▶ WHAT YOU ARE ASKED TO DO
Return the full listing character for character, without its pictures.

▶ STORED DATA
━━━━

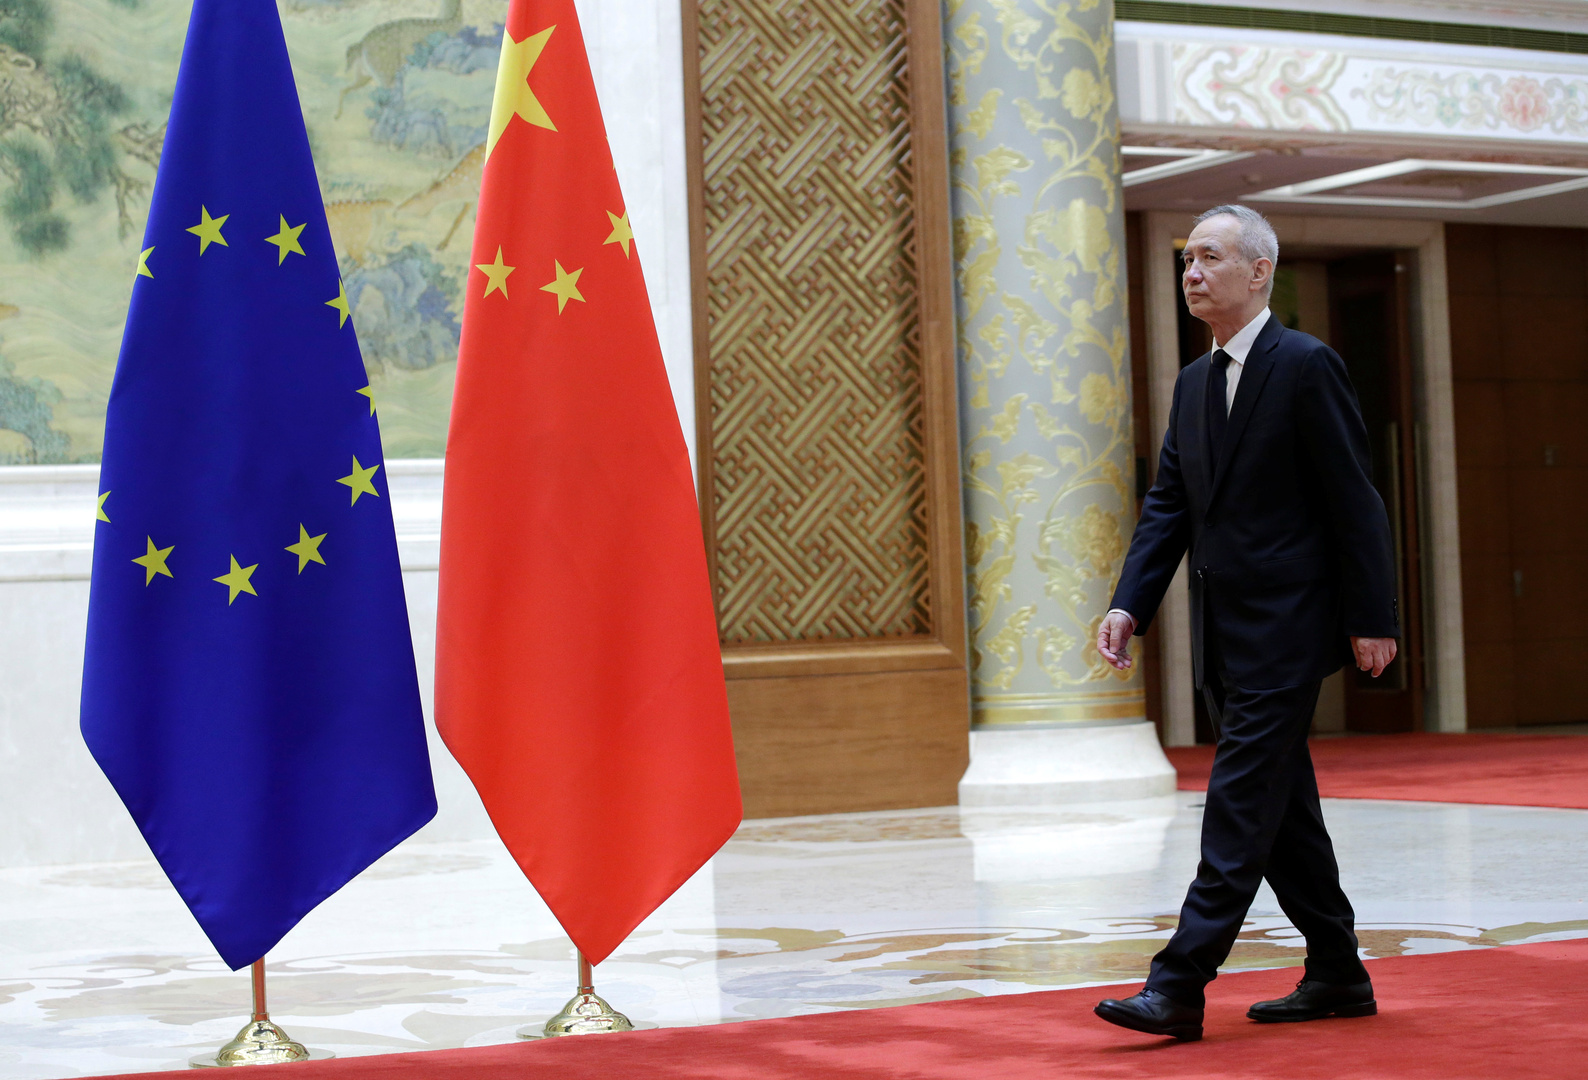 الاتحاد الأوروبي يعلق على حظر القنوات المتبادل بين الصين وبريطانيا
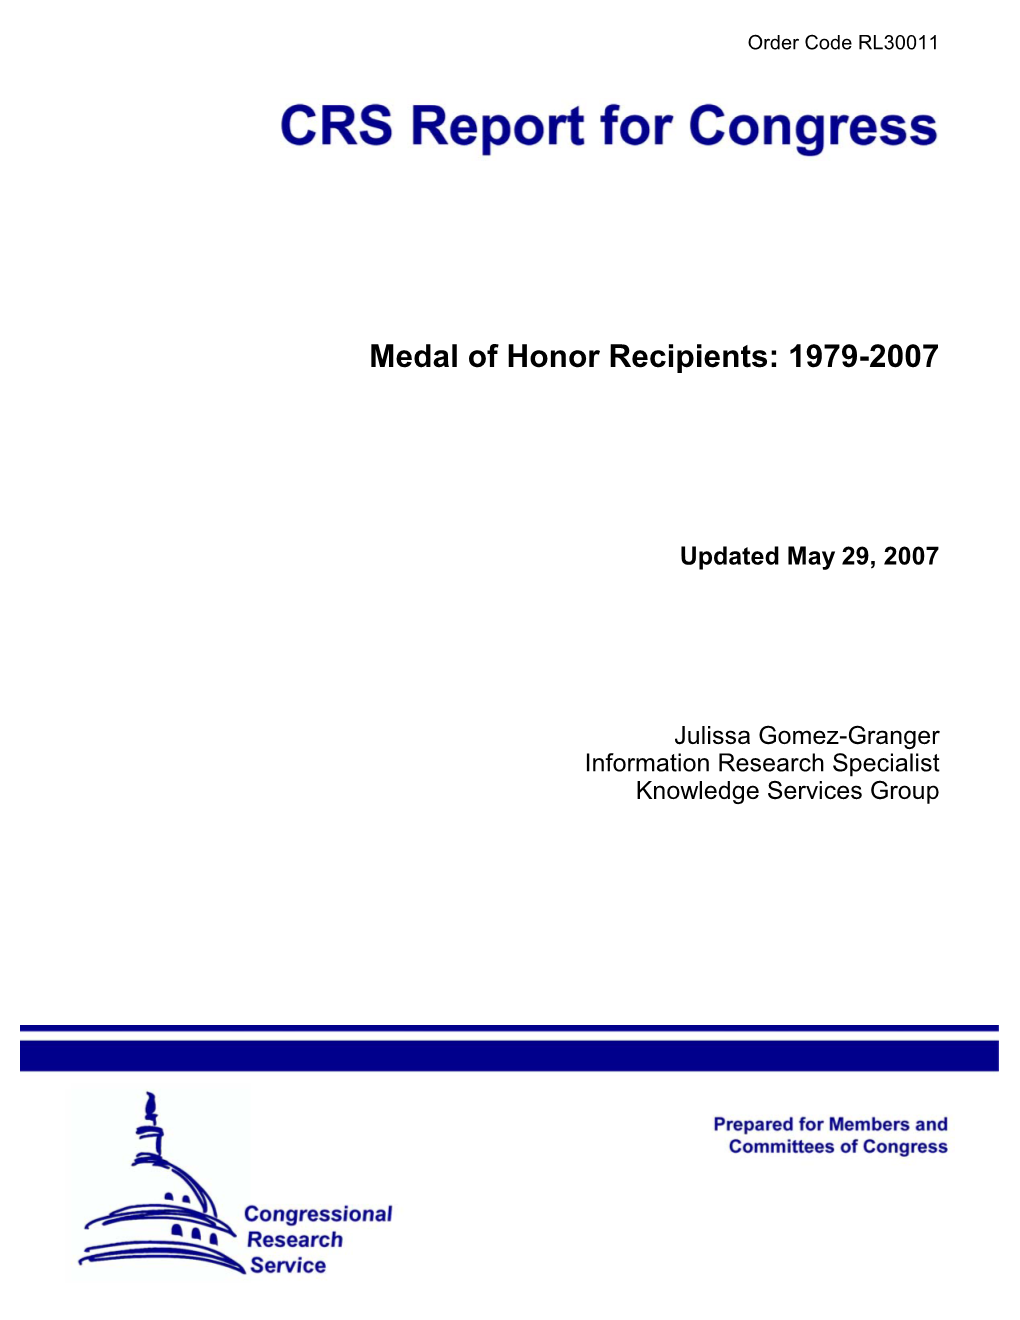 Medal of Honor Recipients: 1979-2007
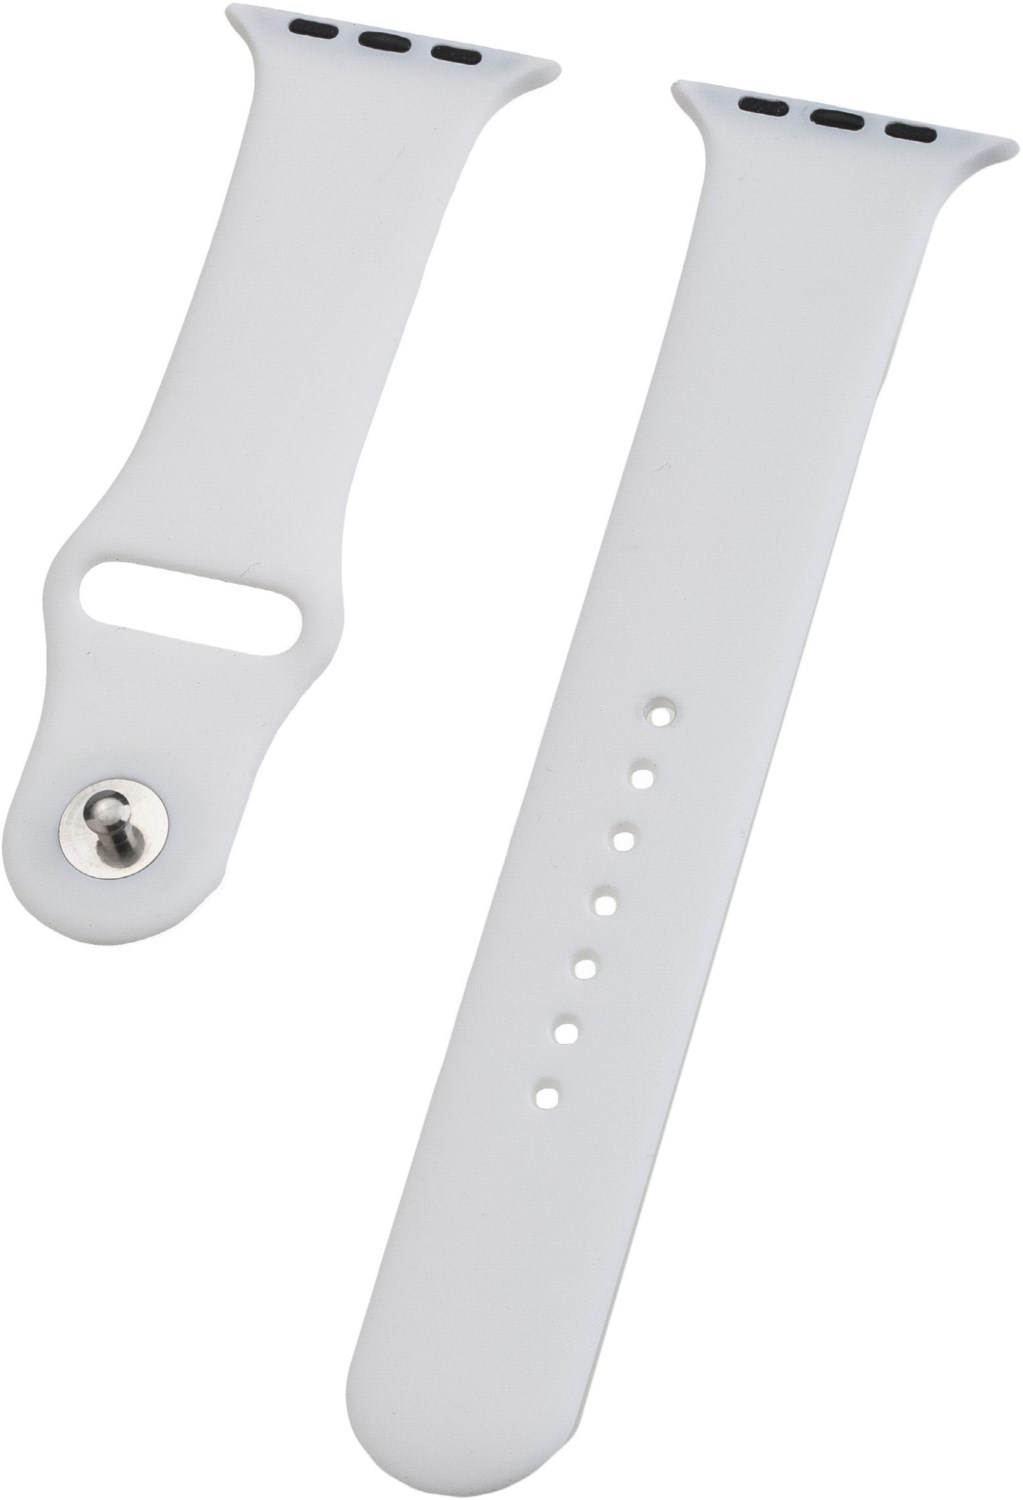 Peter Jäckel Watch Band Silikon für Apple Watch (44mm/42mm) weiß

━━━━

▶ RESPONSE BOX
 الاتحاد الأوروبي يعلق على حظر القنوات المتبادل بين الصين وبريطانيا
 Medal of Honor Recipients: 1979-2007
 Peter Jäckel Watch Band Silikon für Apple Watch (44mm/42mm) weiß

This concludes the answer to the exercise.